In CMOS circuit technique which is widely used, high clock rates have been achieved by true single phase clocking (TSPC) , device sizing and extreme pipelining, as described in the article "High speed CMOS circuit technique" by Jiren Yuan and Christer Svensson, IEEE Solid-State Circuits, vol. 24, pp. 62- 70, February 1989. However, high speed in connection with a one-clock-cycle decision for multi-level logic needs new circuit topology which should, if possible, eliminate delay overheads caused by many latches in a pipeline aiming at very high clock rates.
OBJECTS AND SOLUTIONS OF THE INVENTION
An object of the invention is to provide a parallel binary adder architecture which offers a superior speed, a uniform loading, a regular layout and a flexible configuration in the trade-off between speed, power and area compared with existing parallel binary adder architectures. Another object of the invention is to provide an advanced CMOS circuit technique which"offers an ultrafast speed particularly for a one-clock- cycle decision. The combination of the two objects offers a very high performance parallel binary adder.
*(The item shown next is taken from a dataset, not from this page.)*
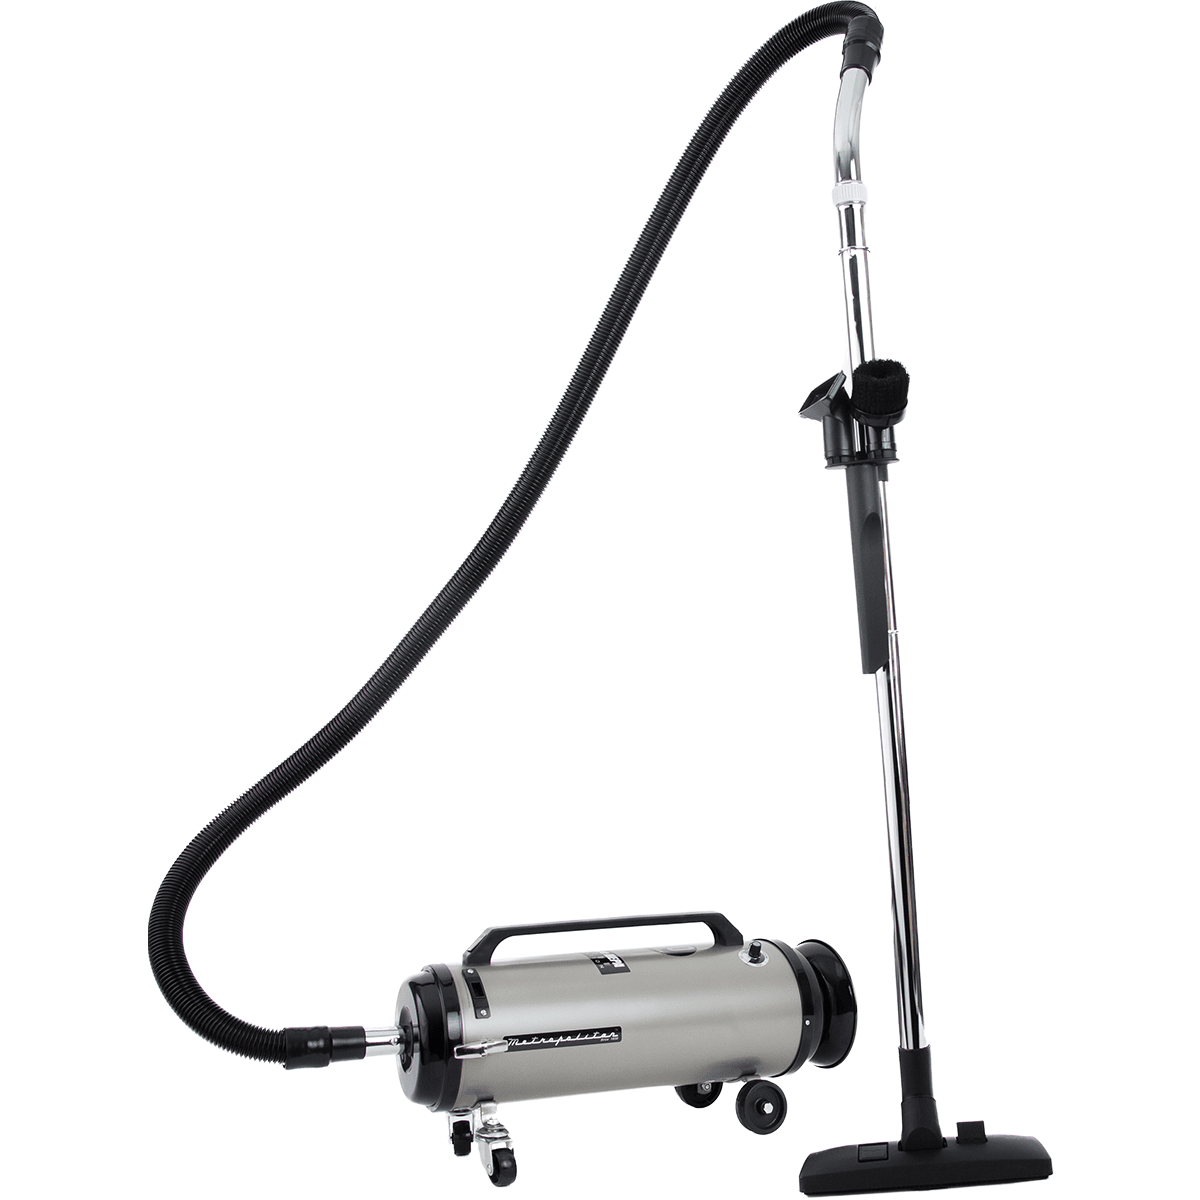 Metrovac Professional Evolution Variable Speed Full-size Canister Vacuum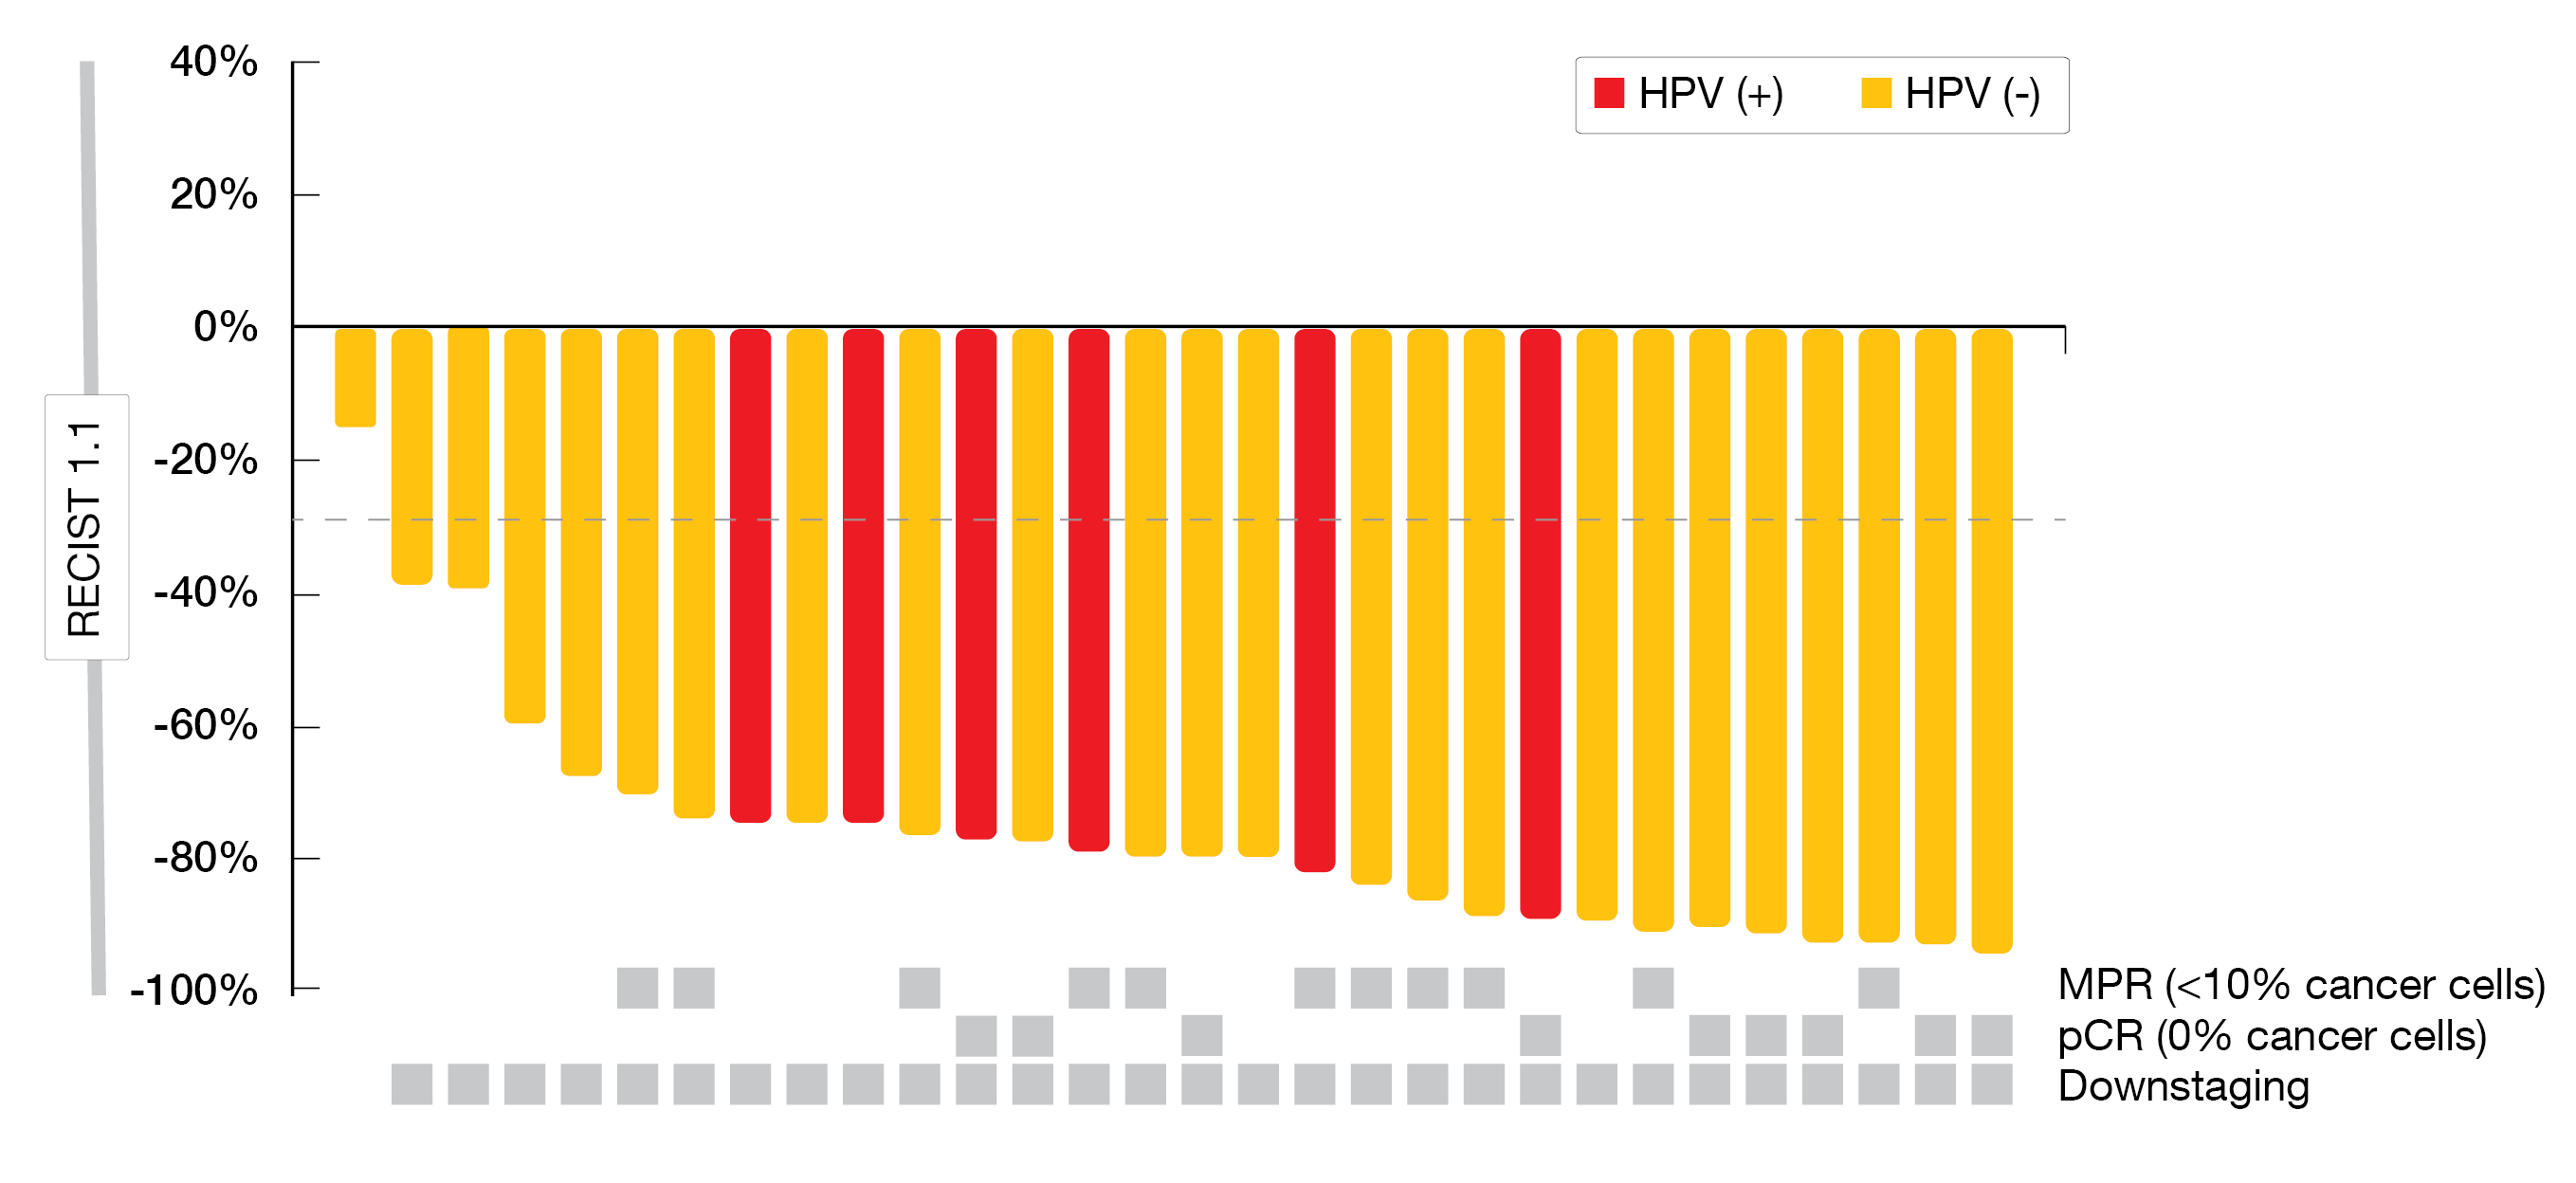 Figure 3: Tumor response per RECIST v1.1 and pathological assessment according to HPV status.

The first object of the invention is achieved with the invented Distributed-Binary-Lookahead-Carry (DBLC) adder architecture which is an arrangement of the kind set forth in the characterising clause of Claim 1. The second object is achieved by the invented clock-and-data precharged dynamic CMOS circuit technique which is an arrangement of the kind set forth in the characterising clause of Claim 2. Further features and further developments of the invented arrangements are set forth in other characterising clauses of section CLAIMS.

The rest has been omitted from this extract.